The dramatic shift in the way American businesses define risk. Traditionally, risk has been divided into three categories: market, credit and “other.” Suddenly, risk management is no longer just about preventing bad loans or dealing with Mother Nature. The wake up call of September 11th and high profile indictments at Enron and others have spurred feverish activity in disaster planning and raising the bar on fraud. However, some of the most important lessons on how to create a culture of risk management have yet to be learned.
What is the cost of not asking the right questions?
The World Trade Center attack dealt a devastating blow to many financial institutions and made an impact on the nation’s economy when it shut down the New York Stock Exchange. The grounding of airlines temporarily stopped the flow of paper checks. The industry responded by spending billions of dollars to protect themselves from future incidents based on the effects of risk. The bad news, however, is that a reactive approach to focusing on preventing the disaster that just passed may be causing people to ignore other equally devastating risks.
At the Securities Industries Association’s recent Risk Management Conference, keynote speaker Thomas Russo, Vice Chairman and Chief Legal Officer, Lehman Brothers, Inc. got attendees buzzing when he told them that potentially catastrophic risks are still being overlooked. The bird flu or similar epidemic could be extremely problematic for businesses that concentrate key people in geographic locations, Russo pointed out. While the likelihood of a bird flu epidemic hitting this country is up for debate, what if your outsourcing facility in India or supplier in China was hit by bird flu? It illustrates precisely why every company (not just those in financial services) needs a comprehensive program of risk management.
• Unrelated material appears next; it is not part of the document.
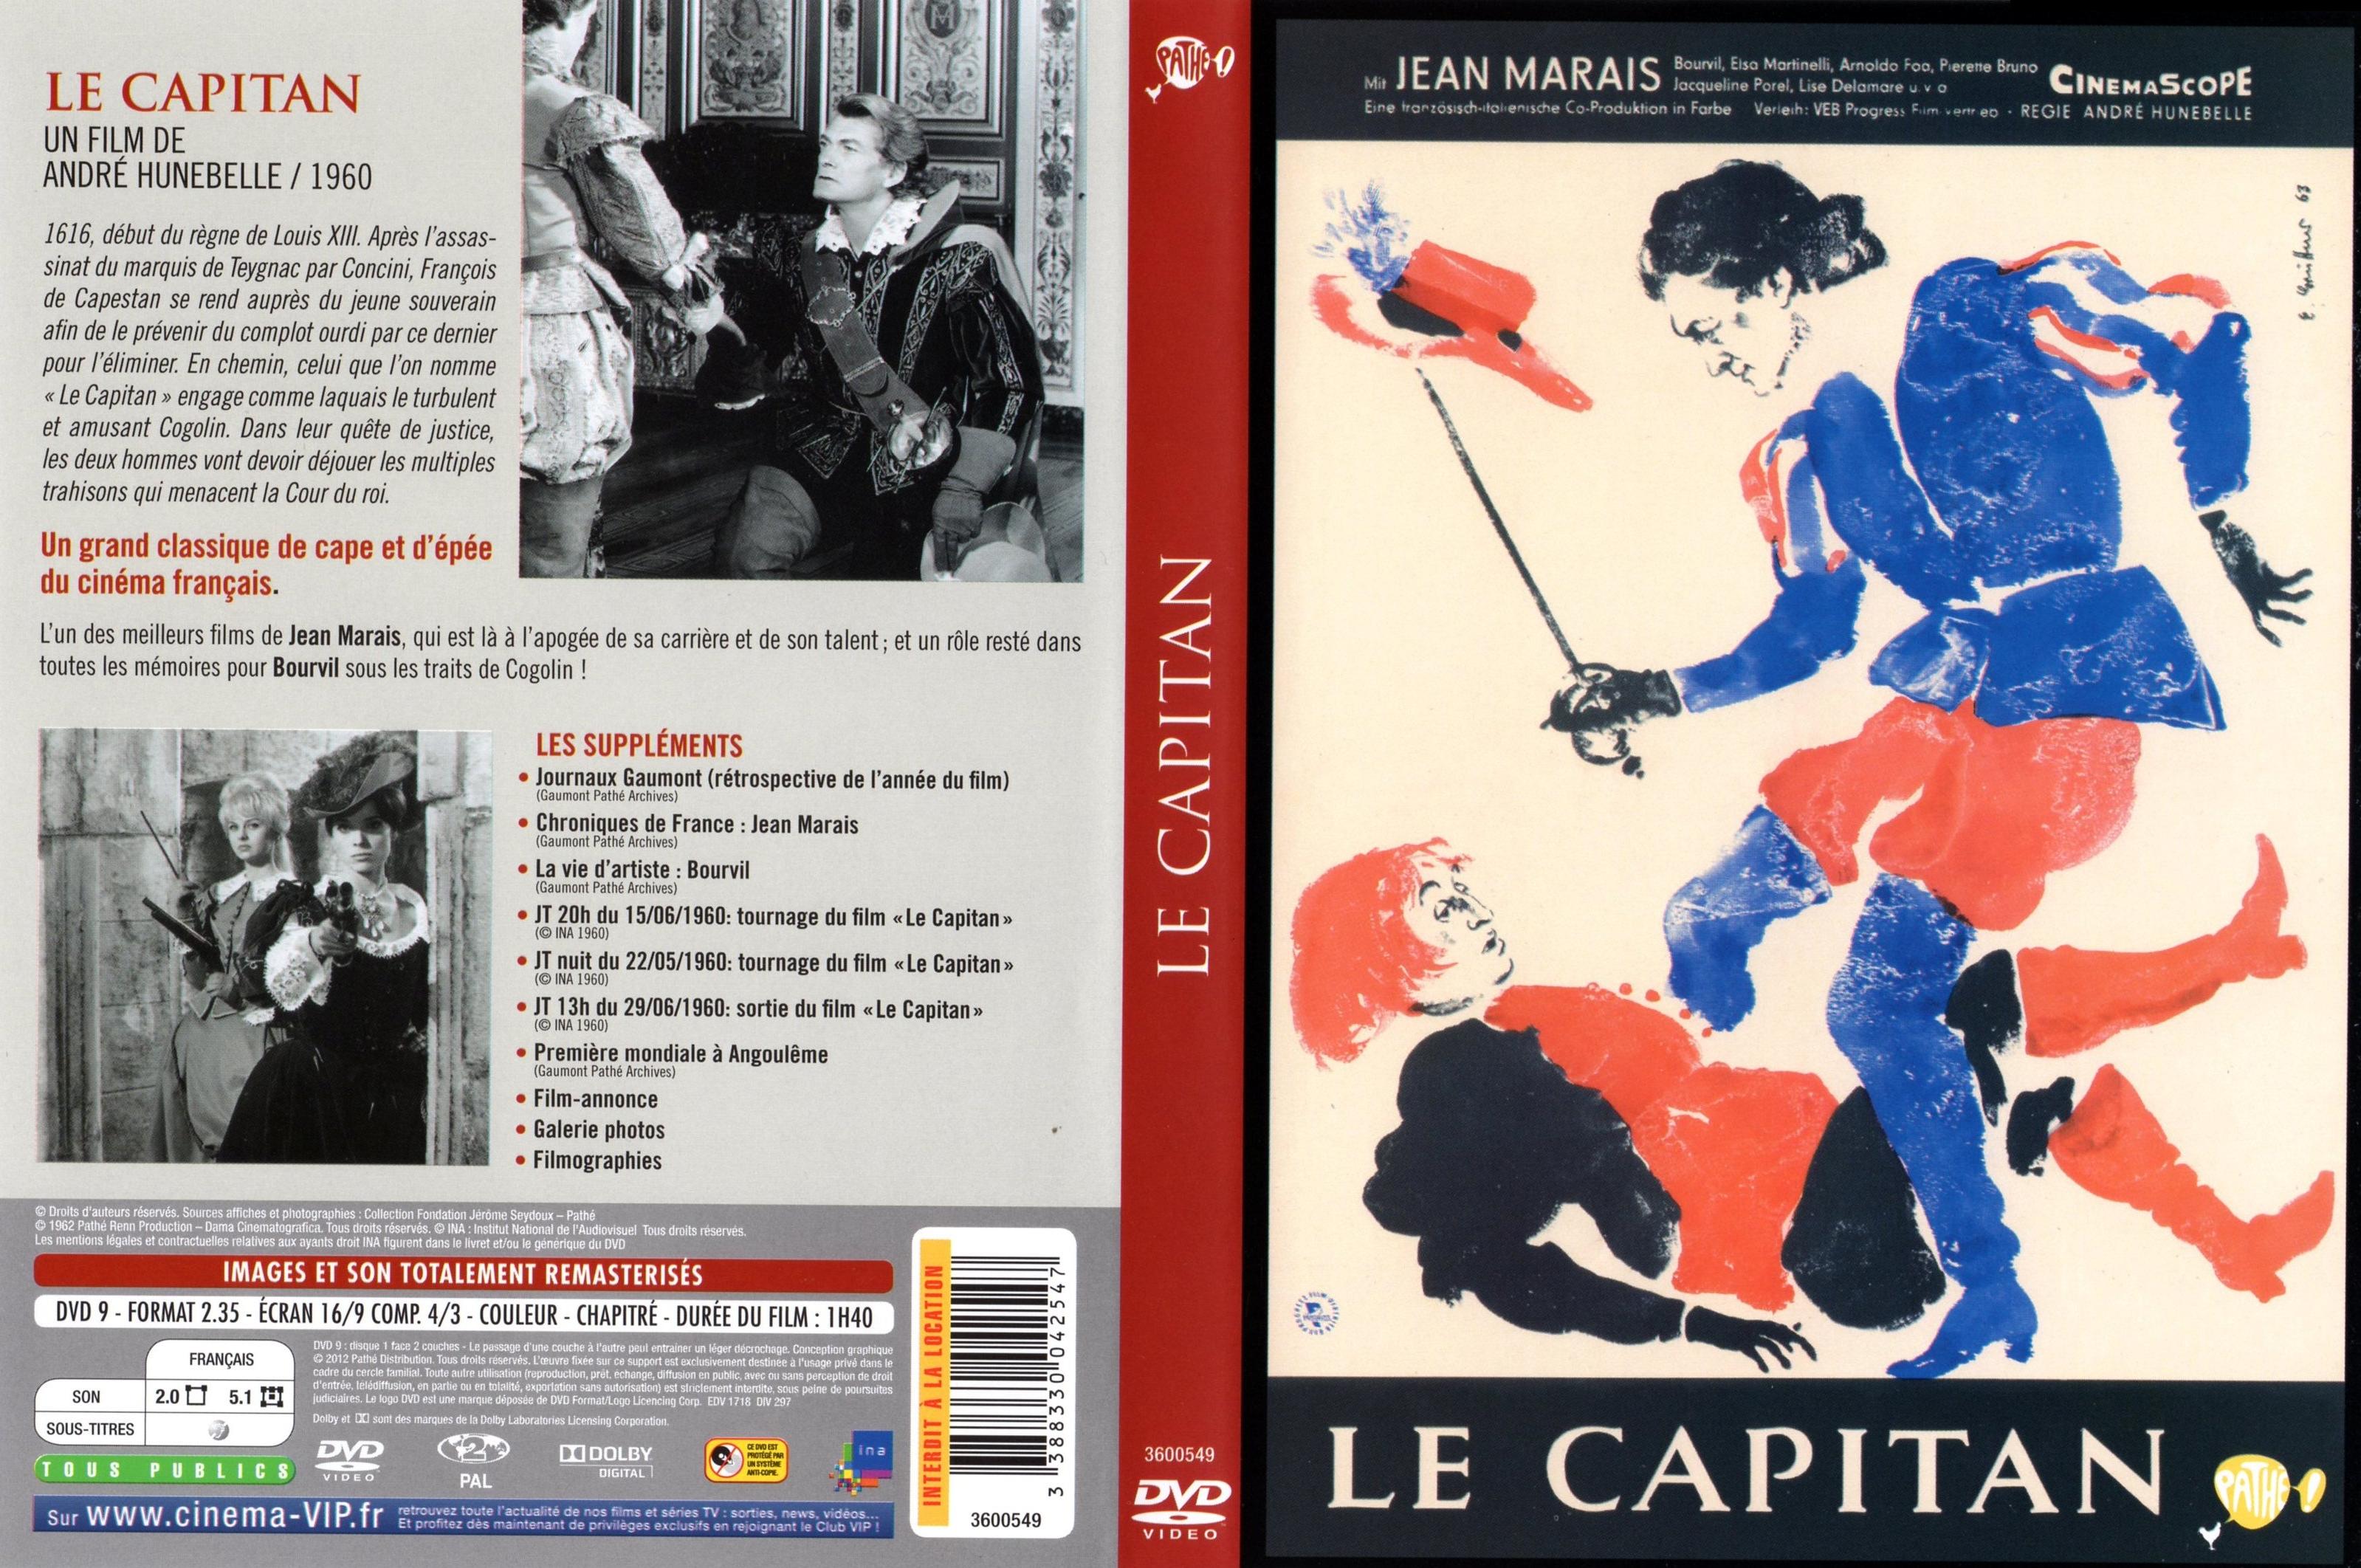 Jaquette DVD Le capitan v3

A bank with all its wealth management specialists in a single region that suddenly gets hit with a fast-moving virus could be severely impacted. If a medical epidemic was not even on management’s risk radar screen, what happens when the data is fine, but the people are gone? How to do you make an action plan for so many things that have not happened yet?
What is the cost of not establishing a risk culture?
Companies learned how to survive a terrorist attack by living through 9/11. Enterprise risk management (ERM) provides organizations with that same valuable knowledge without the pain of experiencing a difficult event. With ERM, companies move to a proactive mode to assess the impact, likelihood and effectiveness of controls related to risk, and develop mitigation plans. ERM is a proven discipline that provides hard numbers and invaluable assessments, which often yield results that surprise even the most hands-on managers.